SECURITIES AND EXCHANGE COMMISSION
                             Washington, D.C. 20549

 
                                   FORM 8-K
                                 CURRENT REPORT
                     PURSUANT TO SECTION 13 OR 15(D) OF THE
                         SECURITIES EXCHANGE ACT OF 1934

Date of Report (Date of earliest event reported)                January 13, 1998
                                                                ----------------

                            ALLIANCE IMAGING, INC.
              --------------------------------------------------
            (Exact name of registrant as specified in its charter)
 
          DELAWARE                   0-16334                      33-0239910   
 ---------------------------         -------                   ---------------
(State or Other Jurisdiction  (Commission File Number)        (I.R.S. Employer
      of Incorporation)                                      Identification No.)


                        1065 NORTH PACIFICENTER DRIVE,
                                   SUITE 200
                           Anaheim, California 92806
                      -----------------------------------  
                        (Address of principal executive
                          offices including Zip Code)
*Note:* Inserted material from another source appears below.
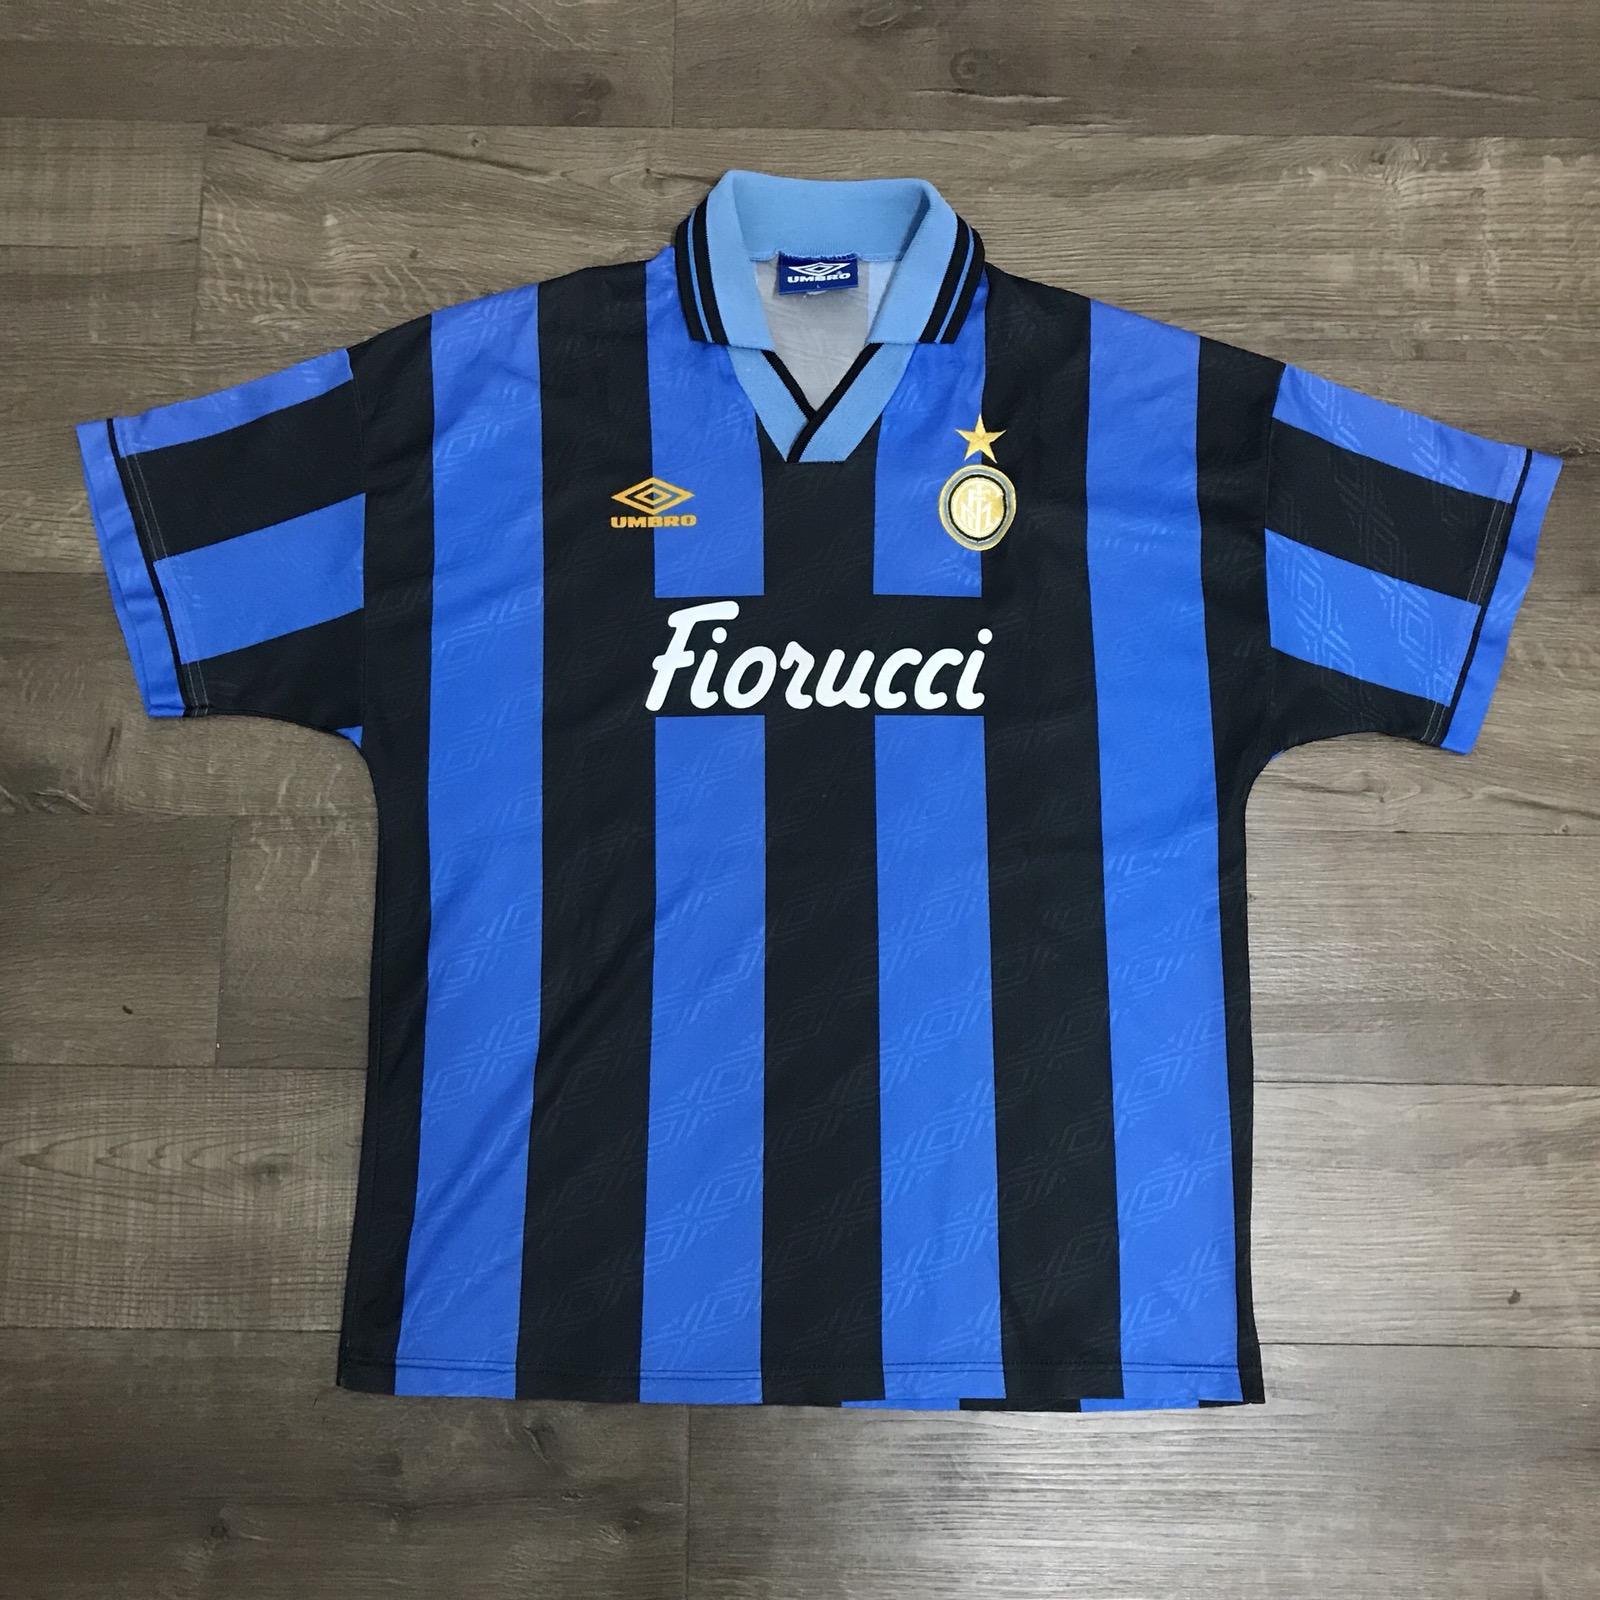 sale retailer fd45d dafa7 Vintage 94/95 Inter Milan Home Jersey
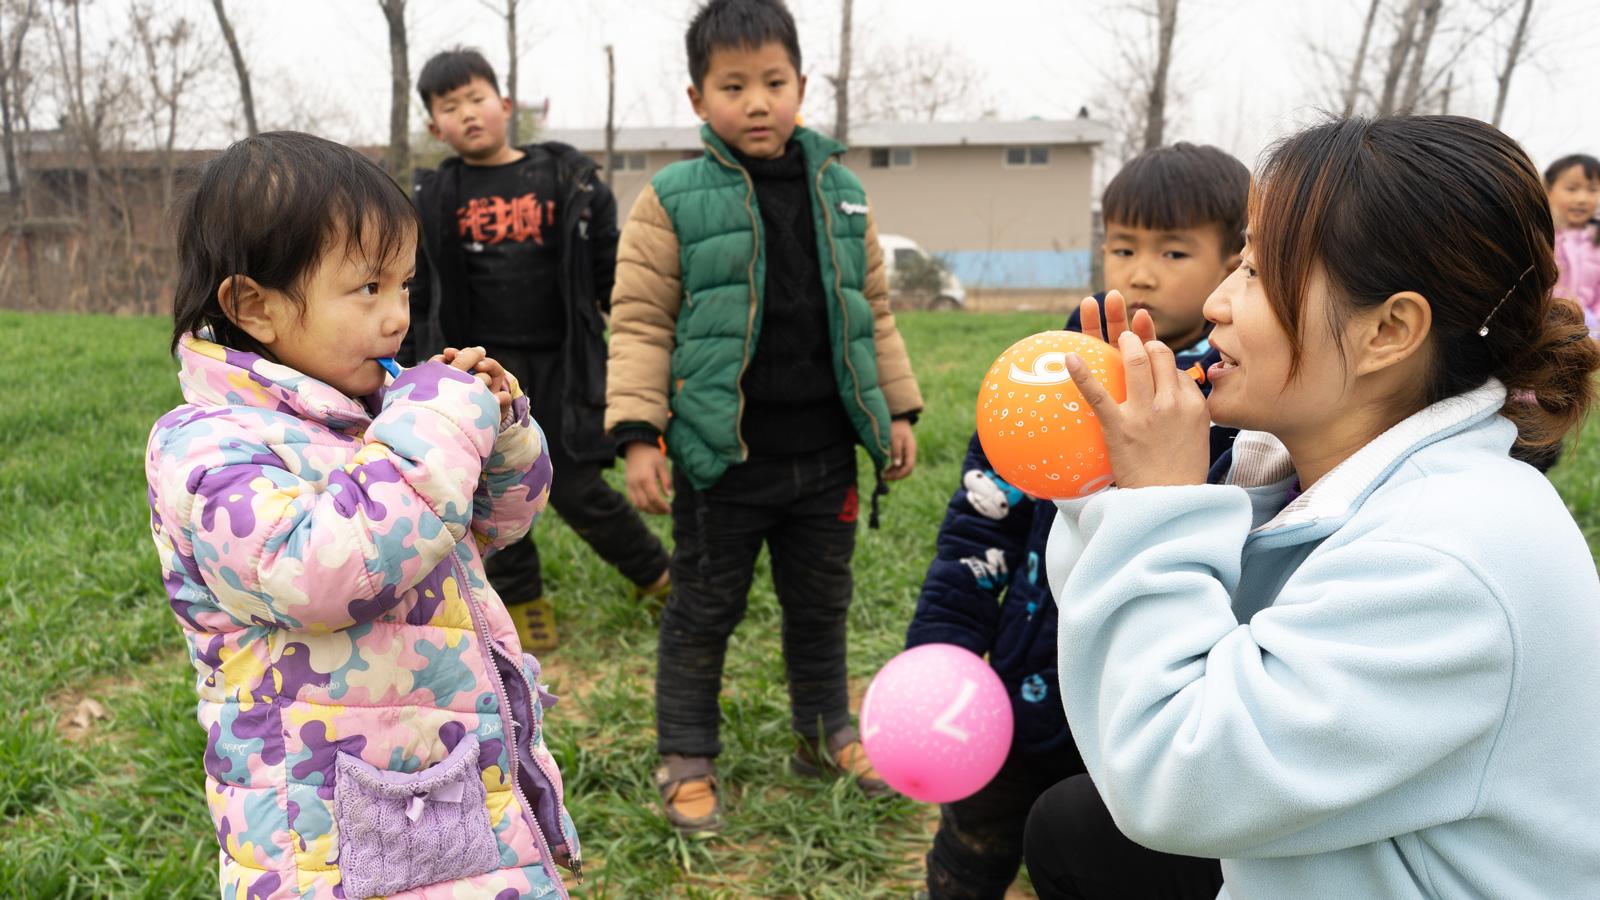 Zhenzhen blows a balloon with her teacher

                                (714) 688-7100
                        ------------------------------ 
                        (Registrant's telephone number,
                              including area code)
 
                                     N.A.
           ---------------------------------------------------------
         (Former name or former address, if changed since last report)

 
ITEM 5.  OTHER EVENTS.  
 
         On January 13, 1998, a wholly owned subsidiary of Alliance Imaging,
         Inc. (the "Company") entered in an Agreement and Plan of Merger (the
         "Merger Agreement") pursuant to which the Company will acquire (the
         "Acquisition") all of the outstanding common stock of Mobile Technology
         Inc. ("MTI"). The transaction is valued at approximately $100 million
         (including the assumption of indebtedness). The Company intends to
         finance the cash portion of the transaction with bank financing. The
         transaction is subject to customary conditions and necessary regulatory
         approvals, and is expected to close by the end of February 1998. A copy
         of the Merger Agreement is attached hereto as EXHIBIT 2 and is
         incorporated herein by reference.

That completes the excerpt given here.